Kazakhstan’s President Nursultan Nazarbayev, who has been in power since 1990 and will continue to be according to Kazakhstan’s constitution which gives special status to the first president (conveniently Nazarbayev), had earlier called for more restrictions on the growth of the multitude of religions in the country as an attack on religious extremism, religious driven violence and other potential threats.

He is due to sign the two laws that will go into effect starting immediately after he signs them.
The provisions of the laws force both current and new religious organizations and groups to go through a registration process with the government within the year or be forcibly dissolved by the courts.

Many small groups fear being denied in the registration process but have no choice if they wish to build or set up places of worship such as mosques or churches and practice their religions.

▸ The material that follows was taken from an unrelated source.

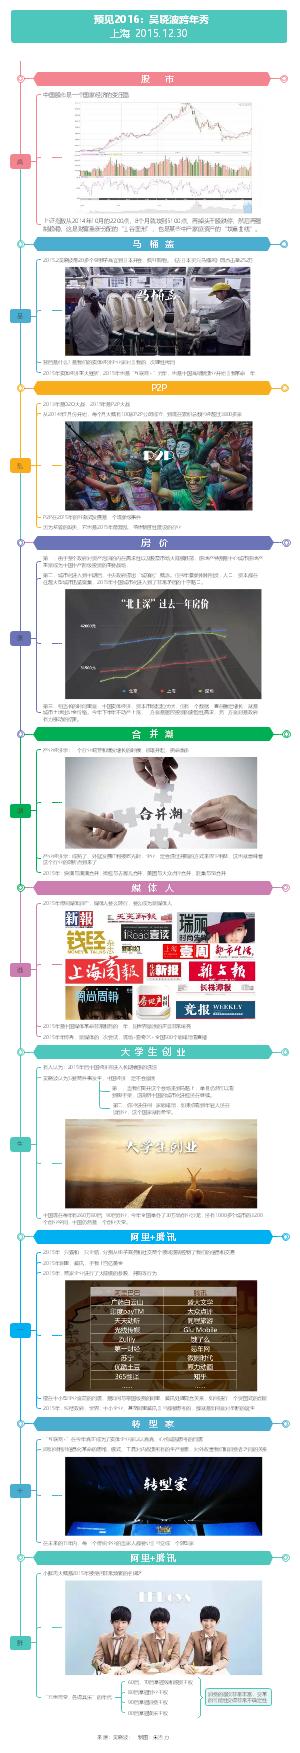 预见2016 吴晓波跨年秀

For local registrations, a religious organization must have at least 50 members. If the organization wishes to register at a regional level, they will need at least 500 members in the region while a national registration requires a total of at least 5,000 members in all of the country’s regions.

Of course, these registrations automatically rule out, financially penalize and prosecute those who do not have the required amount of members/worshipers.

The laws also state that missionary activity will be carefully monitored by the government to stamp out any traces of religious extremism and that religious literature will also be undergoing a process monitored by the government.
Moreover, even if religious groups do get past the tough registration, the government of Kazakhstan can determine a permanent location of worship for the groups regardless of complaints.